Homework 7. Linear Model Selection and Regularization: House Prices
Introduction
This assignment is based on the House Prices: Advanced Regression Techniques Kaggle competition. The goal is to predict the sale price of a house based on its features.
Data Preprocessing
Load Data
train = pd.read_csv('House Prices.csv')
Drop unnecessary columns
train.drop("Id", axis = 1, inplace = True)
One-hot encode categorical variables
train = pd.get_dummies(train)
Impute missing values
train.replace('NaN', np.nan, inplace=True)
train = train.fillna(train.median())
Make sure there are no missing values left:
assert train.isnull().sum().sum() == 0
Split data
from sklearn.model_selection import train_test_split
X = train.drop(['SalePrice'], 1)
y = train.SalePrice
X_train, X_test, y_train, y_test = train_test_split(X, y, test_size=0.30, random_state=42)
Simple Linear Regression
Fit and Predict
from sklearn.linear_model import LinearRegression
regr = LinearRegression()
regr.fit(X_train, y_train)
y_pred = regr.predict(X_test)
Evaluate
from sklearn.metrics import mean_squared_error
meanSquaredError=mean_squared_error(y_test, y_pred)
rootMeanSquaredError = np.sqrt(meanSquaredError)
print("RMSE:", rootMeanSquaredError)
The result RMSE is about 23658, quite a large error. Let's see how regularization can help.
Regularization
Lasso Regression
from sklearn import linear_model
lasso = linear_model.Lasso(alpha = 0.000001)
lasso.fit(X_train, y_train)
y_pred = lasso.predict(X_test)
meanSquaredError=mean_squared_error(y_test, y_pred)
rootMeanSquaredError = np.sqrt(meanSquaredError)
print("RMSE:", rootMeanSquaredError)
The result RMSE is about 23839, still a large error. Let's try different values of alpha.

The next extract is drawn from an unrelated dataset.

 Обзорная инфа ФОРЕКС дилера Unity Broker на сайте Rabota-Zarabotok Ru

alpha_vals = np.arange(0.01, 5, .01)
iter_coefs = pd.DataFrame(columns = ['alpha', 'col', 'coef'])
iter_train_perf = []
iter_test_perf = []
for alpha in alpha_vals:
clf = linear_model.Lasso(alpha = alpha)
clf.fit(X_train, y_train)
y_hat_train = clf.predict(X_train)
y_hat_test = clf.predict(X_test)
rmse_train = mean_squared_error(y_train, y_hat_train) ** 0.5
rmse_test = mean_squared_error(y_test, y_hat_test) ** 0.5
iter_train_perf.append(rmse_train)
iter_test_perf.append(rmse_test)
dd = pd.DataFrame({'col': X_train.columns, 'coef': clf.coef_})
dd['alpha'] = alpha
iter_coefs = iter_coefs.append(dd, sort = False)

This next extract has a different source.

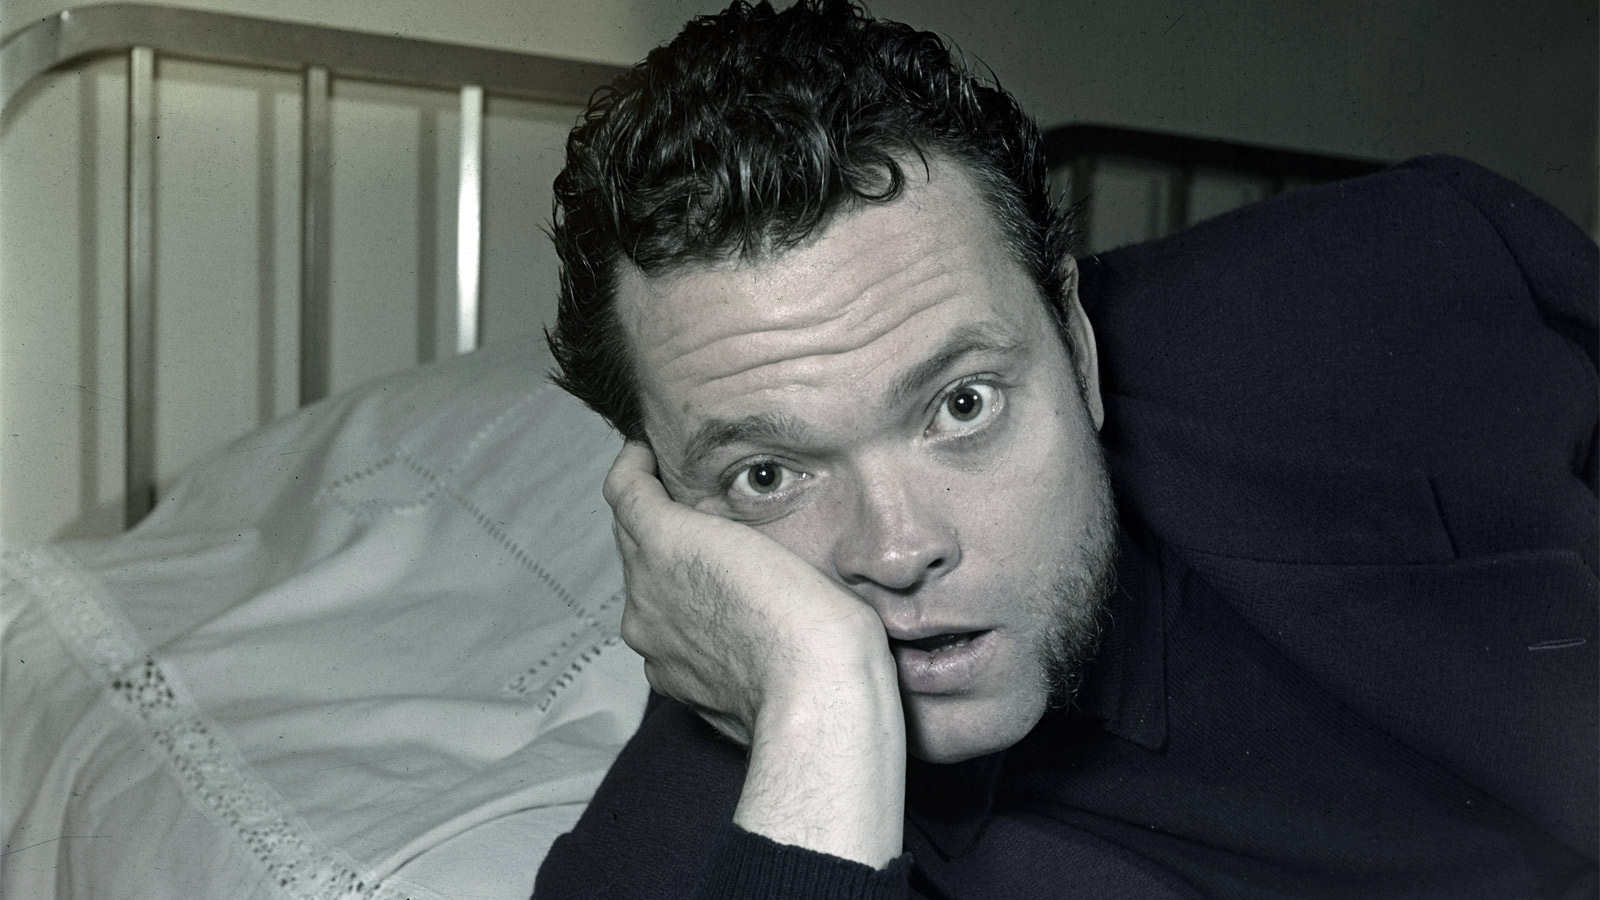 Orson Welles Headshot - Orson Welles leans on his face

Unfortunately, the RMSE is still quite large even with different values of alpha. Let's see if Ridge Regression can do better.
Ridge Regression
from sklearn import linear_model
alpha_vals = np.arange(0.1, 200, 1)
iter_coefs = pd.DataFrame(columns = ['alpha', 'col', 'coef'])
iter_train_perf = []
iter_test_perf = []
for alpha in alpha_vals:
clf = linear_model.Ridge(alpha = alpha)
clf.fit(X_train, y_train)
y_hat_train = clf.predict(X_train)
y_hat_test = clf.predict(X_test)
rmse_train = mean_squared_error(y_train, y_hat_train) ** 0.5
rmse_test = mean_squared_error(y_test, y_hat_test) ** 0.5
iter_train_perf.append(rmse_train)
iter_test_perf.append(rmse_test)
dd = pd.DataFrame({'col': X_train.columns, 'coef': clf.coef_})
dd['alpha'] = alpha
iter_coefs = iter_coefs.append(dd, sort = False)
Although the trend is clearer, the RMSE is still quite large (in fact, it's even larger than Lasso Regression).
Discussion
We tried to predict house prices using a Kaggle dataset. First, we cleaned up the data by removing unnecessary columns, changing categories to numbers, and filling in missing values. We started with a basic linear model, but the error was quite high (RMSE around 23658).
To improve, we used Lasso regression, adjusting its strength (alpha). But, the error remained high across different alphas. Ridge regression was next, and while we could see some patterns when changing alpha, the error was still too high — sometimes even worse than with Lasso.
In short, neither Lasso nor Ridge gave us better results than the simple model. Future steps could include tweaking the features, trying different models, or combining models together.